# Suspend to RAM broken with kernel > 3.3.x

## razer

Hi,

I can't have a working suspend to ram on my system with kernels 3.4.x and 3.5.x, gentoo and vanilla sources tested

Suspend to disk (hibernate) is working

The suspend seems to work, but give a system freeze on resume : screen appears, but no reaction to mouse/keyboard...

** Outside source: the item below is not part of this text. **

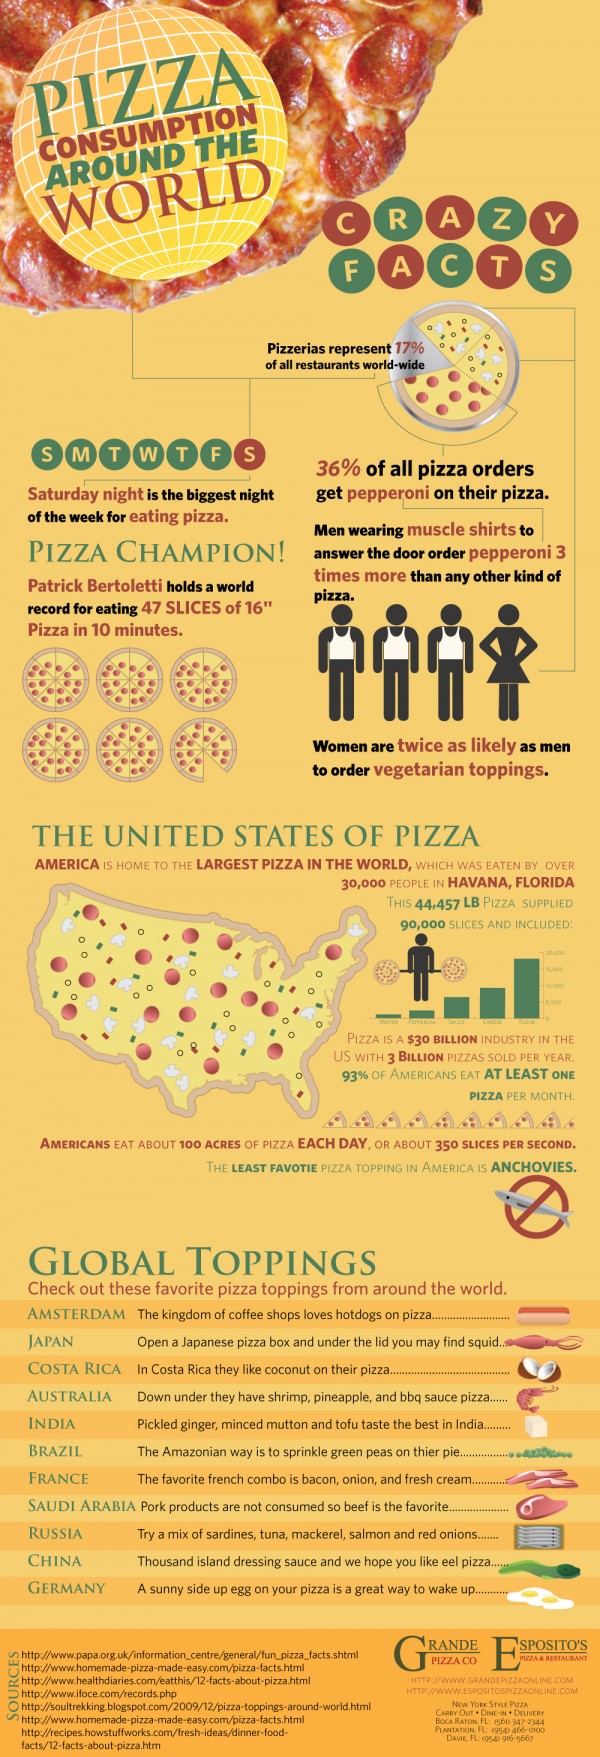 El consumo de pizza alrededor del mundo [Infografía] 1

Resume is working when xorg is stopped, but the system freeze in a same way when I try to restart it

My hardware :

ASROCK H61M/U3S3 - Chipset Intel H61 - Socket

1155

INTEL i3-2100 3.10GHz - 3Mo cache - Graphic HD

2000 - Socket LGA1155

lspci -v output :

http://shorttext.com/NXKmwx

Kernel config (all "not set" things filtered out : shorttext size limitation :

http://shorttext.com/LrSzLSO

Wonder if someone know the trick or have the same issue

Thanks in advance

----------

## avx

How do you suspend? pm-utils, upower, `echo mem > ...`? Does it happen both from X11 and from VT?

----------

## razer

 *avx wrote:*   

> How do you suspend? pm-utils, upower, `echo mem > ...`? Does it happen both from X11 and from VT?

 

pm-utils, but direct echo mem > /proc/... give the same issue

Freeze on resume from x11, ok from vt, but then freeze the same way when restarting x11

Thanks

----------

## avx

What are you running, (un-)stable? I'm running ~amd64 and can't reproduce with my Intel systems, neither on 3.4 nor 3.5(didn't test 3.3).

Any errors in logfiles(X.org, suspend logs, dmesg, ...)?

----------

## razer

 *avx wrote:*   

> What are you running, (un-)stable? I'm running ~amd64 

 

The same here

 *avx wrote:*   

> Any errors in logfiles(X.org, suspend logs, dmesg, ...)?

 

Don't have time to give any output (even with debug mode enabled in kernel), since it freeze before :/

----------

## Fran

I have the exact same issue. Asus P5V-VM mobo, working as server (no X running). I suspend ok and after resume everything seems to have gone well: screen comes back, I see the VT prompt just as I left it... but everything is frozen.

In my case it doesn't happen all the times. Once every 3 or 4 suspend/resume cycles, more or less. 

Nothing wrong in the logs.

I'll try with an older kernel (3.3) and see what happens.

----------

## pd1986

I have the similar issue, but not so bad.

after resuming, the laptop_mode stops working as welle as the keybinding Fn+F6 or F7 to control brightness, and so does the alt+Fx. Normally, in xfce (my desktop environment) alt+Fx have other functions such as, alt+F1 show menu, alt+F2 pop up the command windows, but after suspending and resuming, alt+F1 returns to the function of terminal switch.

When I suspend and resume in terminal (X is not running), it is black on the screen. but the keyboard still works, I could still make "reboot" to restart, and "startx" to enter my X window.

I would like to how to fix it. Thanks.

----------

## pd1986

I am sorry, this time, alt+Fx do what they should do. I don't know why

----------

## nqzero

just confirming razer's issue. i have exactly this issue - suspending with xorg running, or running xorg after suspend/resuming, results in a frozen system (no response to ping, blank screen of death)

foxconn h61s with a (sandy bridge) i3-2105

3.5.0 kernel (ubuntu 12.10 - apologies in advance)

.xsession-errors doesn't get updated. i haven't tried hibernate

 *razer wrote:*   

> 
> 
> I can't have a working suspend to ram on my system with kernels 3.4.x and 3.5.x, gentoo and vanilla sources tested
> 
> Suspend to disk (hibernate) is working
> ...

 

----------